Grilled Chicken & Veggies

For dinner...... Sprinkle chicken breast with Mrs. Dash Seasoning Blend. Grill using iron cast pan with a dash of olive oil.
Using the same pan grill potato, onions, zucchini, red bell pepper and green onions.
Cooking time: 20 minutes
Now you have a quick, tasty and healthy dinner.

Mango Float Recipe

A slice of yummy mango filled Mango Float.Kids loved it. Great summer treat.
Ingredients:
10 pcs. small ripe Mangoes
1 box Graham Grackers
2 can Nestle Cream
2 can Condensed Milk

Directions:Slice mangoes thin.
Combine condensed milk, nestle cream and mangoes. Layer the graham crackers in a square glass pan.
Put layers of graham crackers followed by the mangoes, cream and milk mixture.
Repeat the layers of graham crackers and filling until you’ve used it all. Top the final layer with graham crackers.
Chill overnight.
Serve frozen Mango Float with a side of Vanilla Ice Cream.

Cassava Cake


A yummy recipe.

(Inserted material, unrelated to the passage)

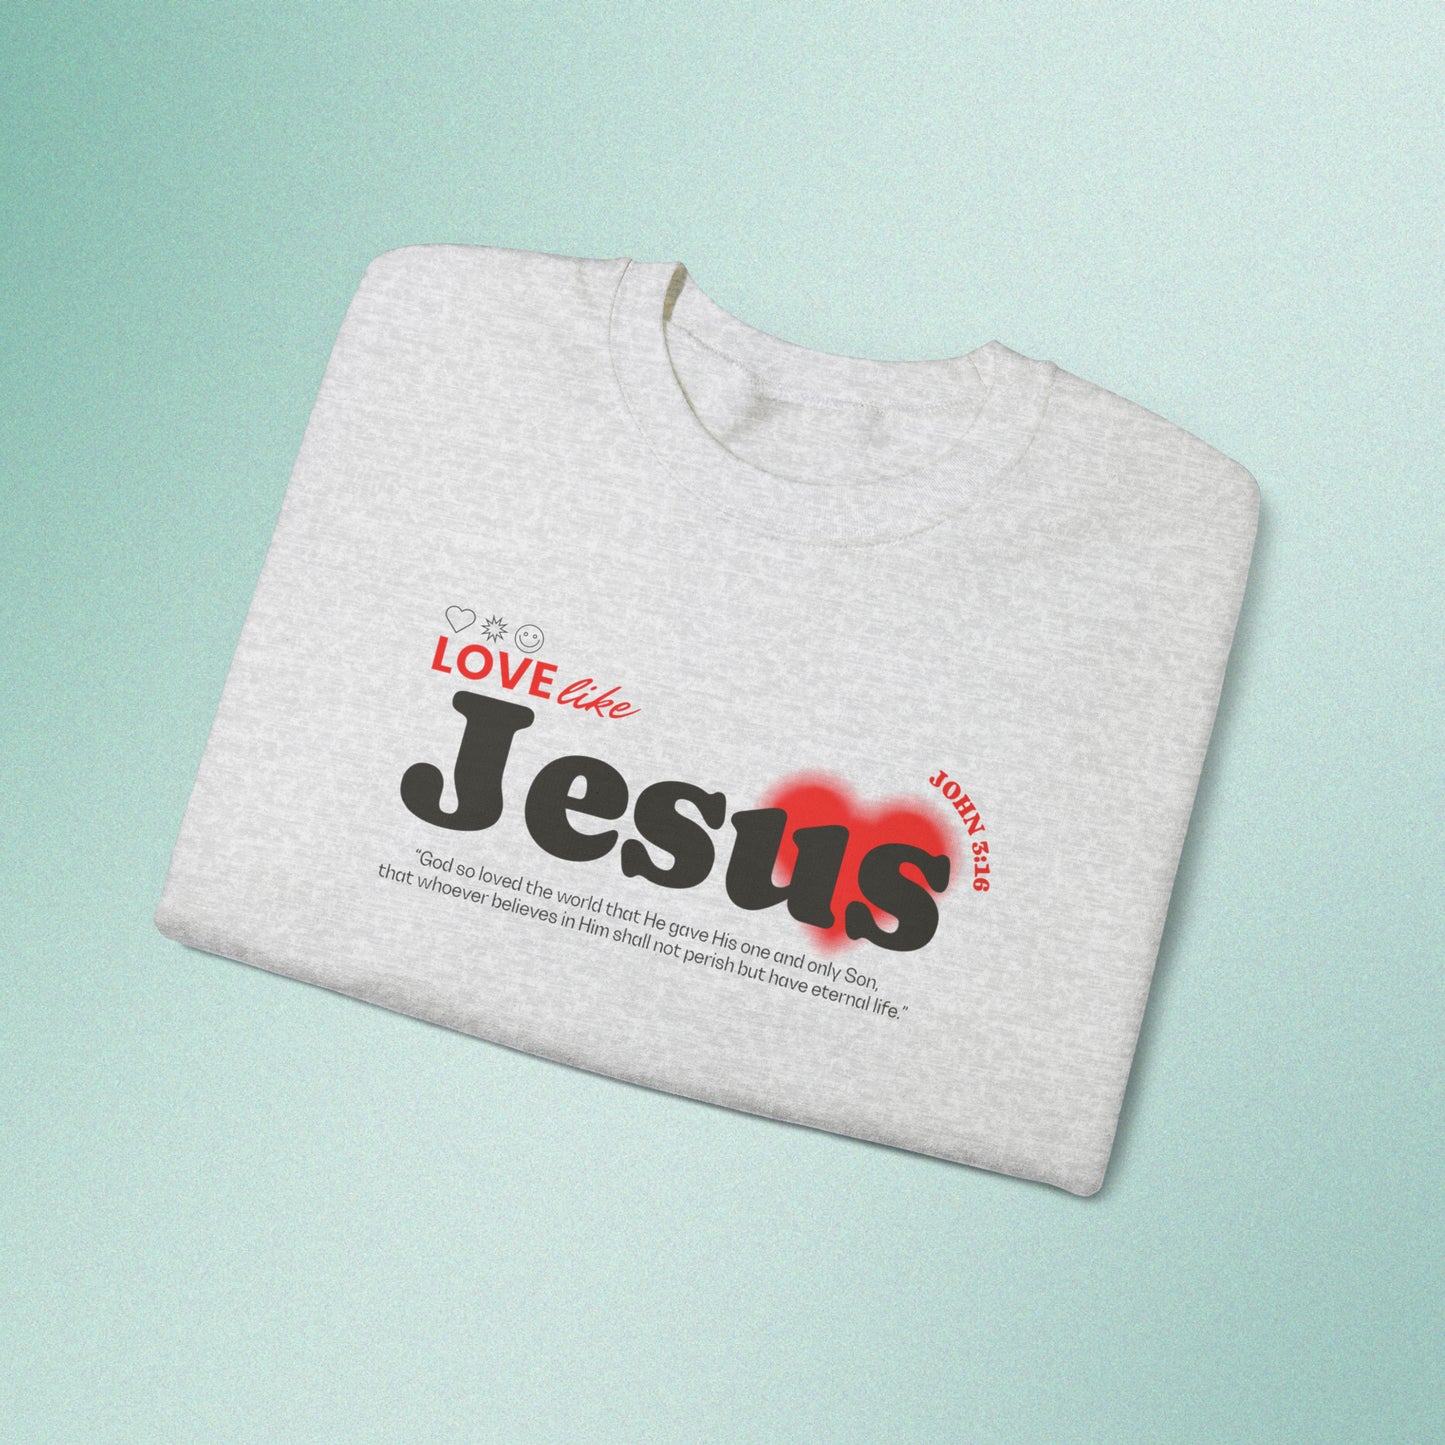 Love Like Jesus" Crewneck Sweater with John 3:16 Verse

Try it.
Ingredients:2 packs frozen grated cassava
2 cans coconut milk
2 cans condensed milk
2 eggs (beaten)
1/4 cup macapuno or sweetened coconut strings
1 tspn vanilla extract

for topping:2 egg yolks, whipped
1/2 condensed milk
Mix and blend the egg yolks and condensed milk, set aside

Cooking Directions:
Preheat oven to 350C
Mix all ingredients and blend well.
Pour the mixed ingredients onto the pyrex dish or an aluminum pan.
Bake at 350C for 30 to 45 minutes. You will know it is done when the top solidifies.
Remove from oven and spread the topping on top.
Bake an additional 10 to 15 more minutes until the topping thickens.
Remove from oven. Let it cool before slicing.

Sauteed Petchay

Ingredients:
1/4 lbs. pork butt, sliced thin
1 lb. petchay, cut 1/2 inch
1 small onion, sliced thin
3 pcs. garlic, crushed
1 med. tomato, sliced thin
salt and ground pepper to taste
Saute garlic, onion, pork and tomato in canola oil. Add 1/2 cup water and simmer till pork becomes tender. Season with salt and pepper. Add the petchay, stir and remove from heat.

Left Over for Breakfast

I could never have enough of fried danggit so again I had it for breakfast with egg, garlic soy sauce rice and Korean beef stew. No wonder I skipped lunch.

Korean Beef Stew


Ingredients:
3 lbs. boneless beef chuck (better to use beef ribs)
1 tbsp. ginger, crushed
1 med. onion, chopped
1 head garlic, crushed
1/2 cup sugar
2 tbsp sesame oil
2 tbsp cooking wine
3/4 cup soy sauce
1 cup green onions, sliced thin
salt and pepper to taste
1 pc. jalopeno pepper, chopped fine
1 tbsp. sesame seed
cooking oil and water

Cooking Direction:
Combine beef, ginger, onion, garlic, sugar, sesame oil, cooking wine and soysauce. Marinate beef overnight.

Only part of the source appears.